SEC'Y POWELL: Well, we're not. The data in our report is incorrect. If you read the narrative of the report, it makes it clear that the war on terror is a difficult one, and that we're pursuing it with all of the means at our disposal. But something happened in the data collection, and we're getting to the bottom of it. Teams have been working for the last several days and all weekend long. I'll be having a meeting in the department tomorrow with CIA, other contributing agencies, the Terrorist Threat Information Center, and my own staff to find out how these numbers got into the report. Some cutoff dates were shifted from the way it was done in the past. There's nothing political about it. It was a data collection and reporting error, and we'll get to the bottom of it and we'll issue a corrected report. And I've talked to Congressman Waxman.

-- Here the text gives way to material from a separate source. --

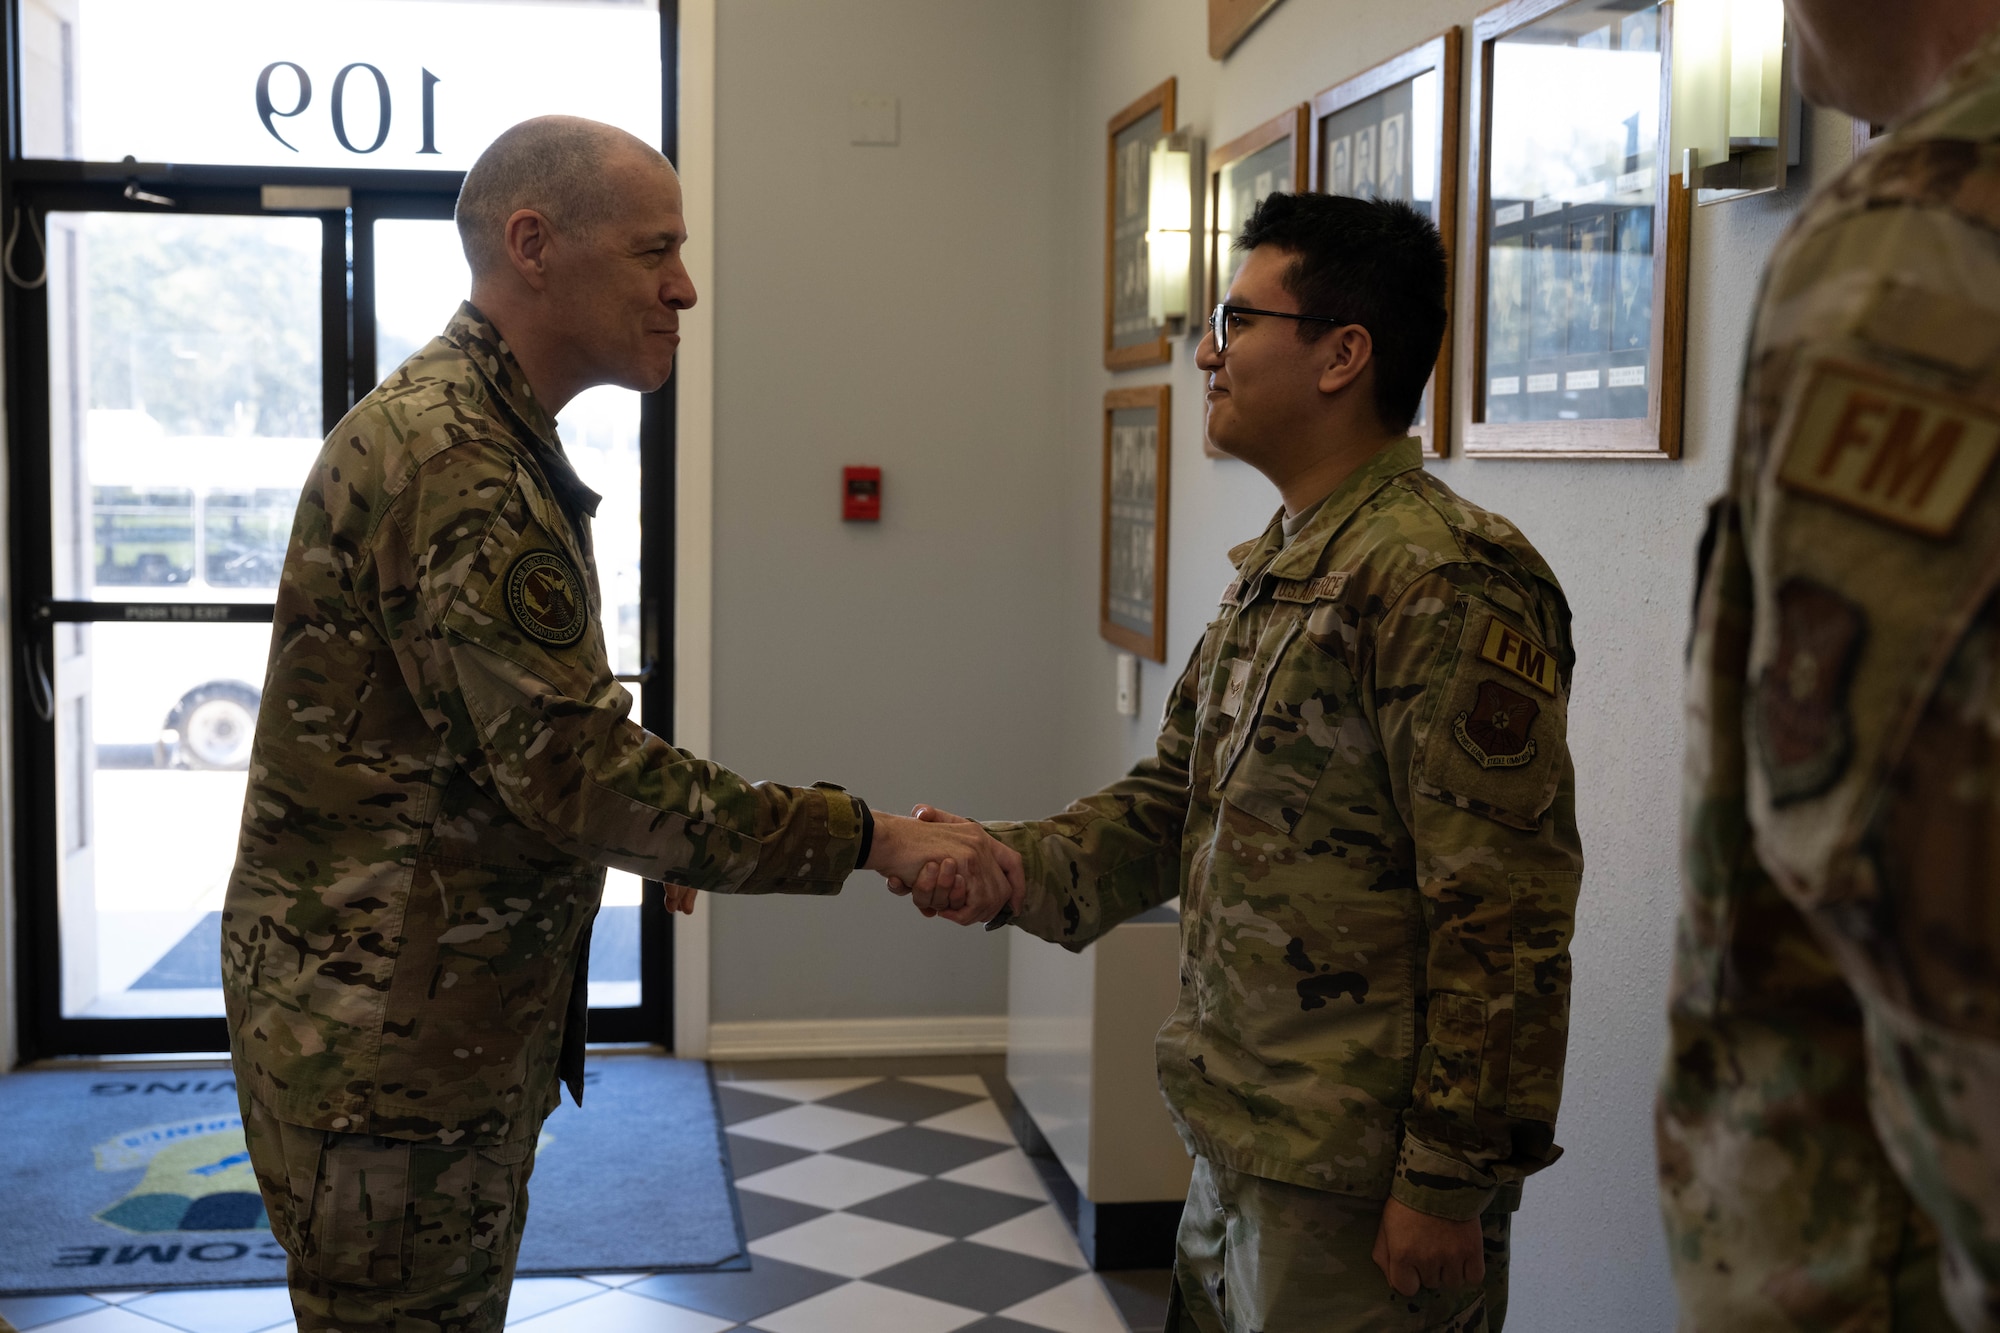 U.S. Air Force Gen. Thomas Bussiere, Air Force Global Strike Command commander, presents a coin to Airman 1st Class Jacob Romero, financial planner at the 2nd Comptroller Squadron, during a base tour, Barksdale Air Force Base, La., Jan. 26, 2023.

MR. RUSSERT: Was it CIA data?
SEC'Y POWELL: It's a combination of data that flows in, and some of it is CIA. The Terrorist Threat Information Center compiles data, provides it to us. But when you look at it in hindsight now, and you look at the analysis given to me by Congressman Waxman and these two congressmen, all sorts of alarm bells should have gone off. All sorts of, as I say to my staff, circuit breakers should have dropped when we saw this data, and they didn't. But I don't think there was anything political or policy driven about it. It was just data that was incorrect, or it wasn't properly measured compared to the way it was measured in previous years. And so what we have to do is normalize the data this past year, 2003, in the same way that we normalized data in previous years, and we will be putting out that corrected information as fast as we can.
MR. RUSSERT: But it is embarrassing.
SEC'Y POWELL: Very embarrassing. I am not a happy camper over this. We were wrong.
If the right honorable Secretary Powell says that the world isn't a safer place now than before, then I guess I'll just have to take his word for it.
D
Originally posted by ivanhoeYes, no doubt the Kurds suffered horribly under Saddam. Goverrnents that slaughter civilian populations must be held accountable.
...
What do you think ? Is the world a better and safer place for the Kurds after the removal of Saddam Hussain ?
So when are the US investigators going to get around to Guatemala and stat unearthing the 140, 000 civilians who died there at about the same time as these Kurdish vilalges were being killed?